How to count the number of times each word appear in a String in Java using Regular Expression?
Must you use a regex? If not this might help:
public static int count(final String string, final String substring)
{
int count = 0;
int idx = 0;
while ((idx = string.indexOf(substring, idx)) != -1)
{
idx++;
count++;
}
return count;
}
I don't think a regex can solve your problem completely.
You want to
split a string into words, a regular expression can do this for a very simple definition of word, "parts of a string seperated by whitespace or punctuation", which is not a very good definition even if you just stick to English text
Count the number of occurances of each word derived from step 1. To do that you must store some kind of Mapping, and regexes neither store nor count.
A workable approach could be to
- split the inputstring (by either regex or other means) into an array of word-strings
- iterate over the array, and building a Map to keep count of each word
- iterate over the map to output a list of words and the number of occurances.
If your input is limited to English you still have to consider how you want your algorithm to behave in case of things like they're <->they are etc and compound words. Add other languages to the mix for additional kinds of headaches (different ways of writing the same word, words split into parts, difference in writing depending on where in a sentence the word occurs, etc)
I would split your task into a) identify words and b) count number of each unique word in text.
a) could be solved with splitting the text with a regex. b) could be solved by building a map with the result from a).

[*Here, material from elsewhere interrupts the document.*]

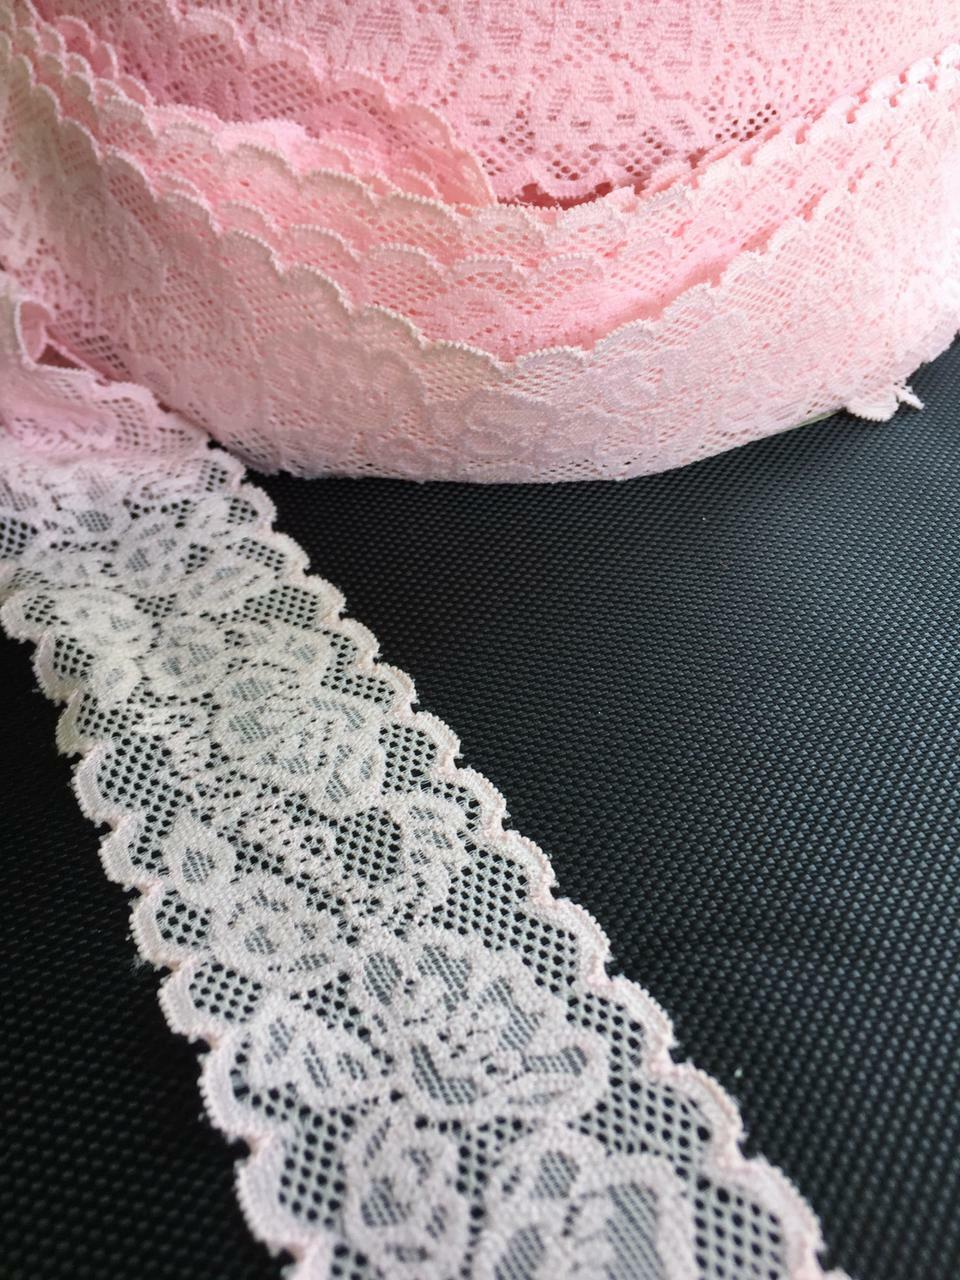 10m/3m Nylon Spitze Borte Elegante 4, 5cm Pink elastisch stoff  NR

String text = "I like good mules. Mules are good :)";
String[] words = text.split("([\\W\\s]+)");
Map<String, Integer> counts = new HashMap<String, Integer>();
for (String word: words) {
if (counts.containsKey(word)) {
counts.put(word, counts.get(word) + 1);
} else {
counts.put(word, 1);
}
}
result: {Mules=1, are=1, good=2, mules=1, like=1, I=1}
Pattern p = Pattern.compile("\\babba\\b");
Matcher m = p.matcher("abba is abba with abbabba and abba doing abba");
int count = 0;
while(m.find()){
count++;
}
System.out.println(count); //4